J'avais prévu vous entretenir des drones et des questions éthiques que leur usage soulève, en soulignant du même coup que, dans le cas de leur usage militaire, je trouvais leur utilisation plus efficace et plus morale, à tous égards, que celle des armes conventionnelles; tant qu'à tuer, autant tenter de tuer les vrais responsables des guerres plutôt que ceux qu'ils envoient à la mort. On appelle cela «assassinats ciblés», moi j'appelle cela «ramassage des ordures» (je cesse d'être poli devant des gens qui n'ont comme projet pour autrui que leur mort, leur avilissement ou leur souffrance).

Mais, voilà qu'arrive le scandale de la FIFA. Dans un premier temps, je ne change pas de sujet puisque je vous ai déjà entretenu de la corruption; que des organismes comme la FIFA, ou toute autre organisation qui s'est arrogé le pouvoir d'attribuer un événement touristique majeur à telle ou telle ville à telle ou telle date, soit un lieu de corruption, il n'y a là rien d'étonnant. Rien pour écrire à sa mère, seulement un scandale de base, prévisible de par la fonction même de l'organisation.

Pourtant, voilà que Blatter persiste. Non seulement il persiste, mais il accuse en retour! Il a dirigé pendant 17 ans une organisation et celle-ci se trouve mêlée à un scandale de corruption. La moindre des choses serait de manifester son inquiétude, son souci de corriger les choses, sa préoccupation face à la situation et l'admission de ses propres défaillances. En effet, comment peut-on prétendre diriger et, du même coup, affirmer qu'il n'est pas possible de tout contrôler ou, tout au moins, ne pas affirmer que l'on va tout faire pour assurer un meilleur contrôle? Il se fait réélire, il veut encore diriger, mais il ne veut assumer aucune des responsabilités de ce que veut dire diriger. Voilà un monsieur qui veut le champagne, les beaux hôtels et les séjours à l'étranger, mais qui ne veut rien savoir de faire son travail.

Loin de s'interroger sur ses défaillances, M. Blatter reprend le discours d'un ministre de Poutine et fabule sur un complot étatsunien. Il est évident que la plus grande démocratie du monde, où le baseball, le football américain, le basketball, le hockey sont de loin plus populaires et plus riches que ce sport mineur qu'y est le soccer, a brusquement décidé de s'attaquer à la FIFA, dont elle n'a rien à faire par ailleurs, que dans le but de critiquer la Russie.

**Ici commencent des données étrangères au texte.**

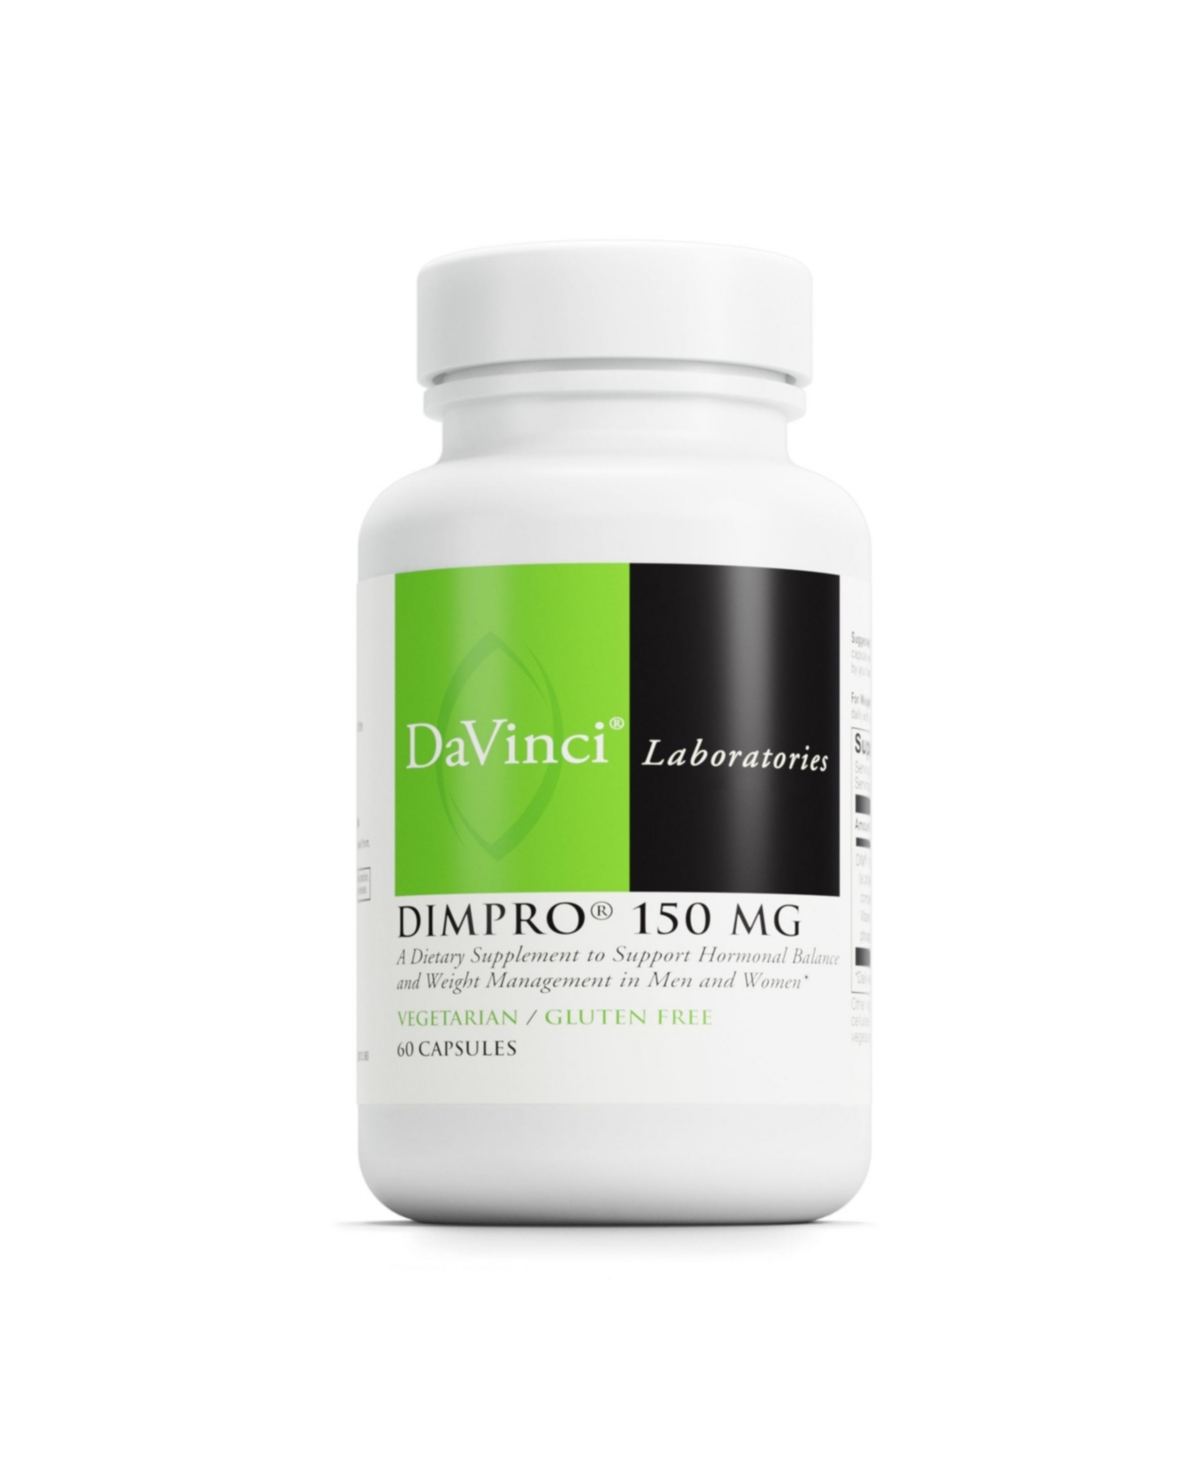 DaVinci Labs DimPro 150 mg - Dietary Supplement to Support Hormonal Balance in Men & Women & Healthy Weight Management - With Vit

Ainsi, loin d'examiner son organisation, loin de se dissocier des personnes accusées de corruption, M. Blatter se vautre dans le ridicule et dans les théories conspirationnistes les plus sottes qui soient.

Si ce n'est pas de la malhonnêteté, c'est au moins de l'aveuglement volontaire, de la sottise, et de l'incompétence. N'allez plus au foot tant que ce monsieur est en poste, car, autrement, vous contribuez à son salaire et vous payez son champagne. Et vous le rejoignez dans le ridicule.

 

P.S. La réalité vient de rattraper Blatter. Il démissionne. Cela ne veut pas dire que le ménage est fait, ni qu'il ne doit pas être fait ailleurs, dans d'autres instances comparables. Mais, au moins, voilà un cas de réglé.